I would end a year of travelling almost at the same place where I started. I travelled to Santa Marta, Colombia, at the invitation of the art historian Erica James, to be part of her panel, “Immaterial Beings: New Approaches in the Study of the Portraits of the Unknown and Unnamed Black Subject in the Caribbean”, held at the Caribbean Studies Association Conference. Here, finally, I could take stock of a year of research that had seen me spending innumerable days in archives both in England and in Jamaica. Colombia has all the energy that I was looking for in Argentina. It had, too, the fruits and flowers of my childhood in Jamaica. Santa Marta is a gorgeous seaside town lined with the sculptures of indigenous people. It is also a place where you see many Colombians of African descent. There are huge murals featuring black women. I completely admired the way that some Colombian women would ride sidesaddle on the backs of bikes, holding ever so delicately onto the drivers, ankles neatly crossed as if they were in their living rooms.

It was June when I arrived in Santa Marta, and unbearably hot. Pink bougainvillea and mangoes and guineps were everywhere. I even spotted, from a taxi, my favourite fruits, naseberries. I will admit that the signs on the side of the highway warning of snakes did give me pause. The less said about the airport at Barranquilla, the better.
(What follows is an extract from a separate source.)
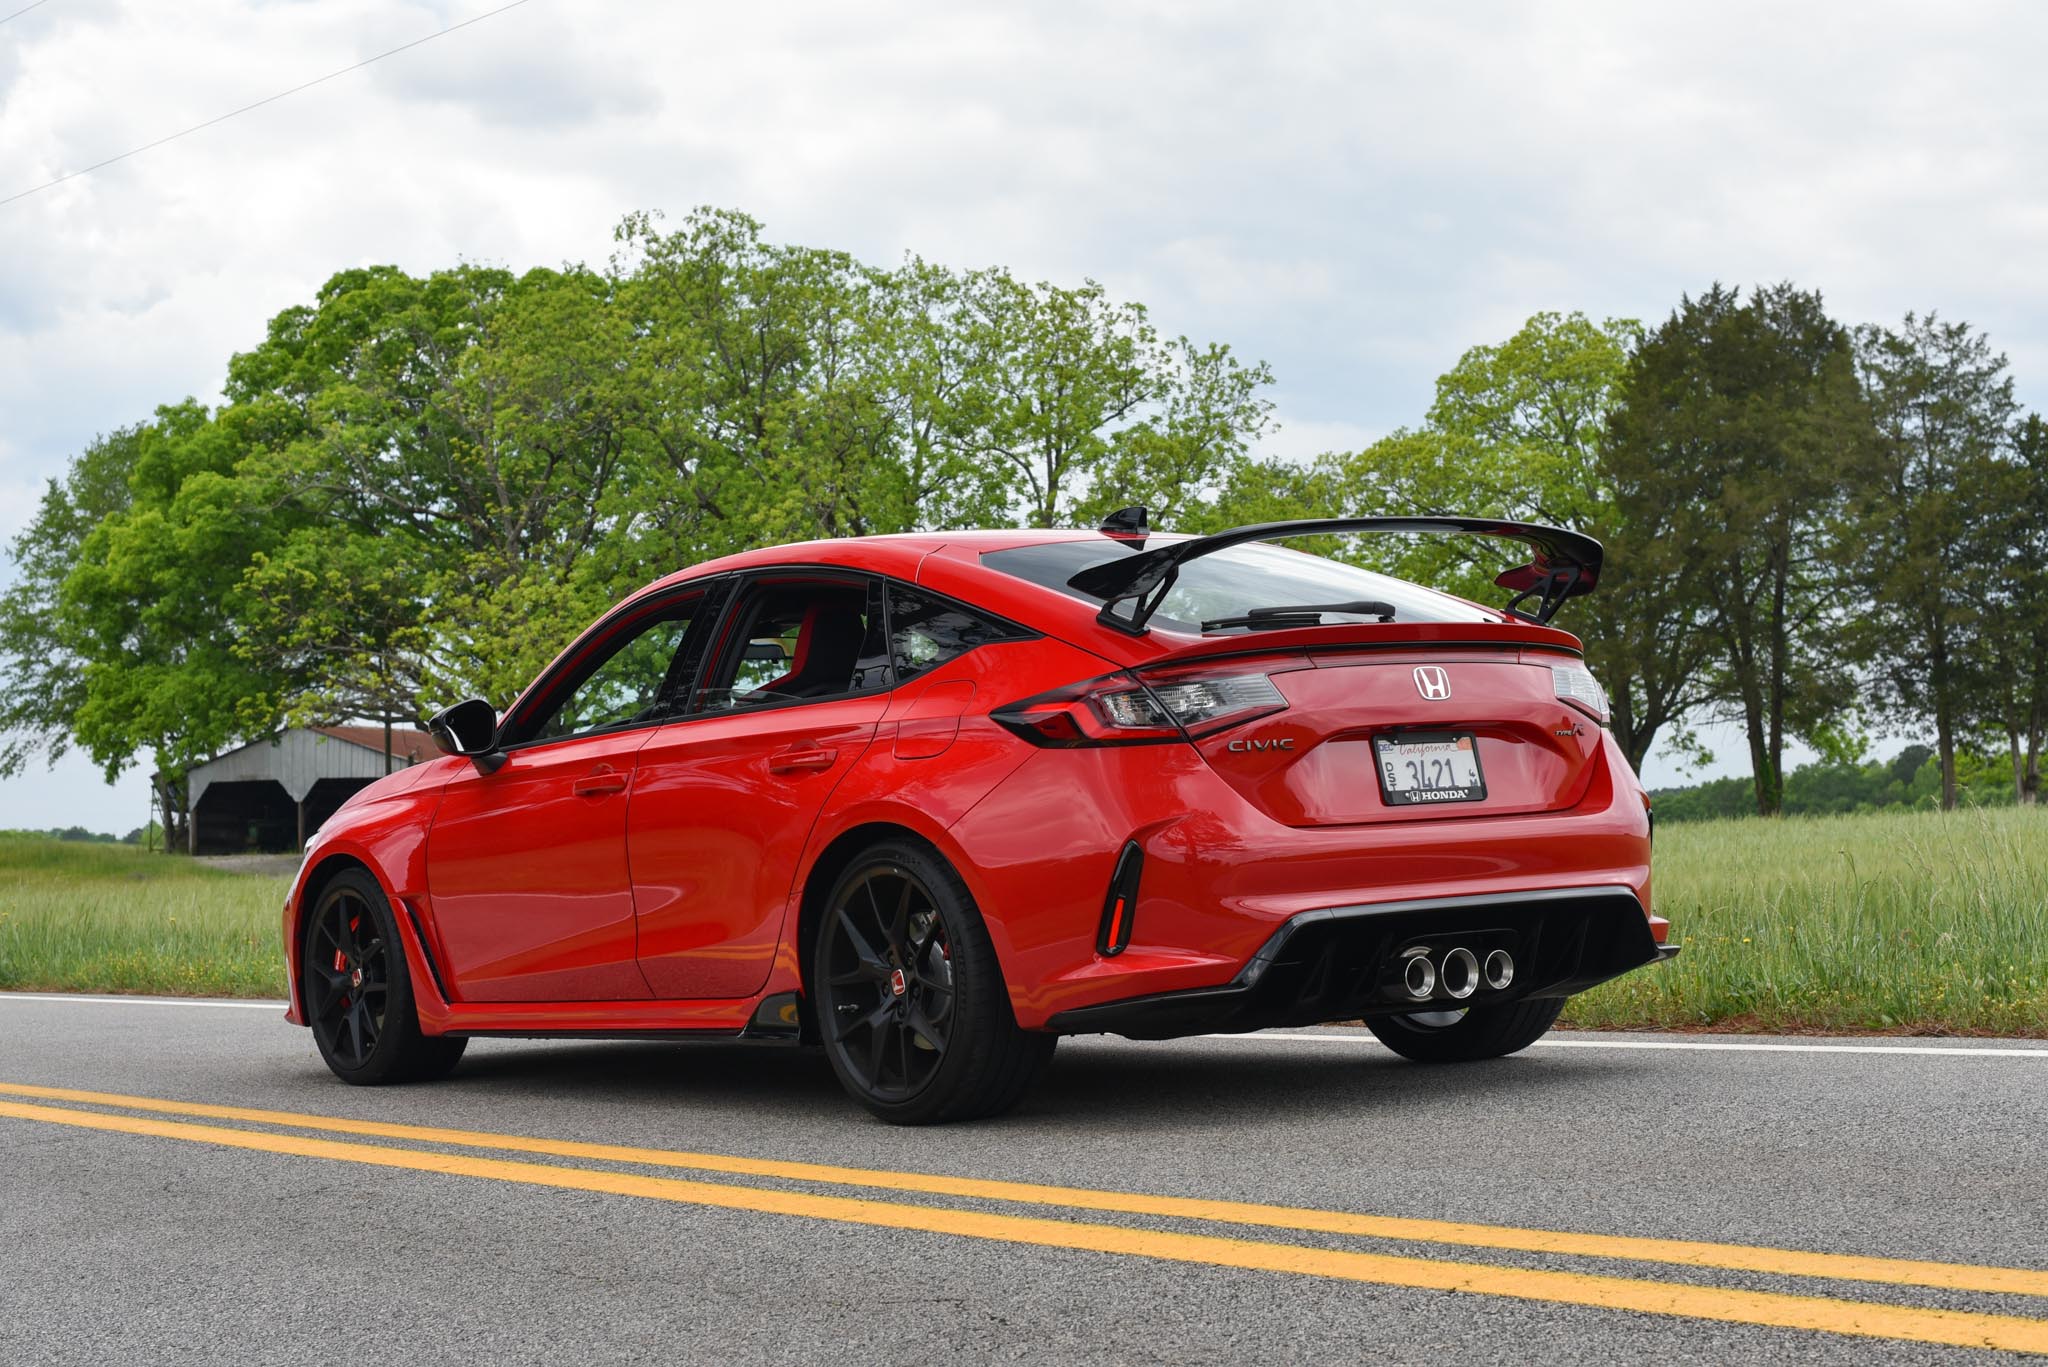 Civic Type-R or

I also won't bore you too much with how a policeman stopped our taxi, of all the cars on the highway heading to the airport my last day in the country, and detained our driver for the flimsiest of reasons for more than an hour, and how when we finally arrived at the airport at Barranquilla with one hour to go before our flight left, we could not however find one soul to check us in. We missed the flight and had to spend the night there in Barranquilla (at our expense) and buy a new airline ticket the next day.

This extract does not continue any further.